Eu estava no quarto lendo um livro, deitado no chão. O computador ligado labutando em algum download. Então faltou energia.
Saí para o jardim e fui agraciado com uma teofania. Todo o bairro estava escuro. Morcegos piavam aos montes no ar. A uns dez quarteirões, uma banda tocava Janaína, do Biquini Cavadão. Fiquei sabendo no dia seguinte que o apagão atingiu muitos estados do Nordeste.
Deitei-me no cimento. O céu estava imenso. Sim, as luzes da cidade diminuem o tamanho do céu. E as estrelas, outrora intimidadas, resolveram todas comparecer. Você tem noção de quantas estrelas podem ser vistas numa noite totalmente escura?
O céu estava pontilhado delas. Uma multidão imensa. Estrelas azuis, vermelhas, grandes, pequenas, solitárias, aglomeradas, duplas, trios. No horizonte, alguns relâmpagos mudos, silenciosos, pareciam aplaudir por trás das nuvens.
Os vagalumes se empolgaram. Apareceu um, depois três, cinco. Pareciam querer dialogar uns com os outros, com os relâmpagos, as estrelas.
Levantei-me e fui ao quarto. Sim, me movimento com facilidade no escuro. Peguei papel e caneta, o livro que estava no chão, e voltei ao jardim.
Pus-me então a escrever isto daqui. Isto mesmo, no escuro. Poderia ter apalpado e encontrado o celular, mas não queria profanar esse momento com uma luz artificial. Claro que depois tive que decifrar os garranchos na hora de digitar, mas não foi difícil.
Você sabe o que é a Via láctea? Sabe mesmo? Você já a viu numa noite densa e escura? Se não, precisa ver. Provoque um blecaute em seu bairro, fuja para um deserto, mas de alguma forma e alguma vez na vida procure conhecer a Via láctea em sua plenitude.

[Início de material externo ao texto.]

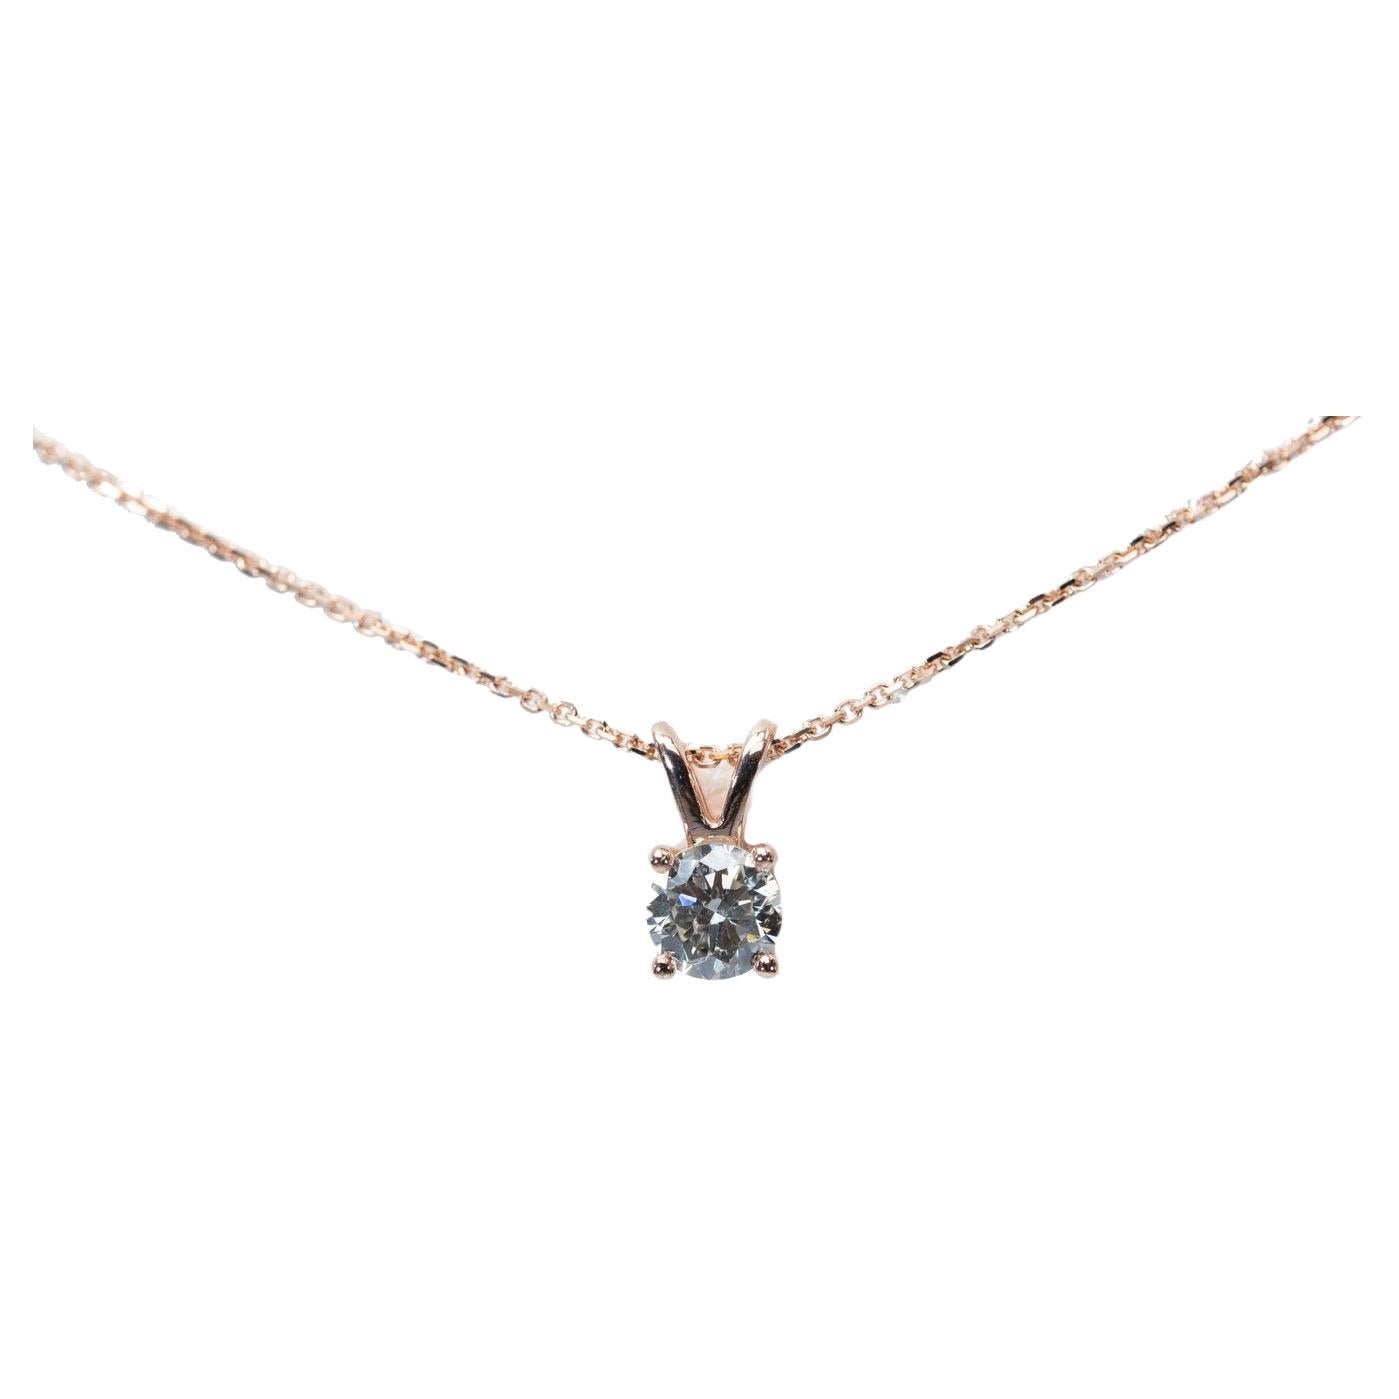 Wunderschöne Halskette und Anhänger aus 18 Karat Roségold mit 0,8 Karat natürlichem Diamanten, GIA-zertifiziert

Ali estava ela, cortando o negrume da noite. Ela se assemelhava mesmo a um rastro de leite derramado no céu. E os antigos sempre a viam. Antes de Thomas Edson, todos viam a Via láctea. Ali estava a mesma mancha que Olavo Bilac espiava de sua janela. Então vieram os postes e as luzes fluorescentes, e o céu ficou opaco.
Deitar-se no chão e olhar este abismo no alto é uma experiência estranha. A sensação é a de que o céu me puxa, pedindo que eu mergulhe. Sinto-me como se estivesse preso à terra, como um exilado, como se meu lugar não fosse aqui, mas lá.
Sinto como se fosse capaz de a qualquer momento flutuar e voltar para minha casa verdadeira, unir-me às estrelas. Não é à toa que os antigos diziam que os mortos viravam estrelas, pois elas nos chamam, nos atraem.
E neste momento singular as palavras já não têm mais utilidade. Quem dera a banda lá na praça também parasse de tocar. Quem dera um blecaute de som, um silêncio total. Aí sim o silêncio e a escuridão seriam o palco perfeito para o eloquente discurso das estrelas.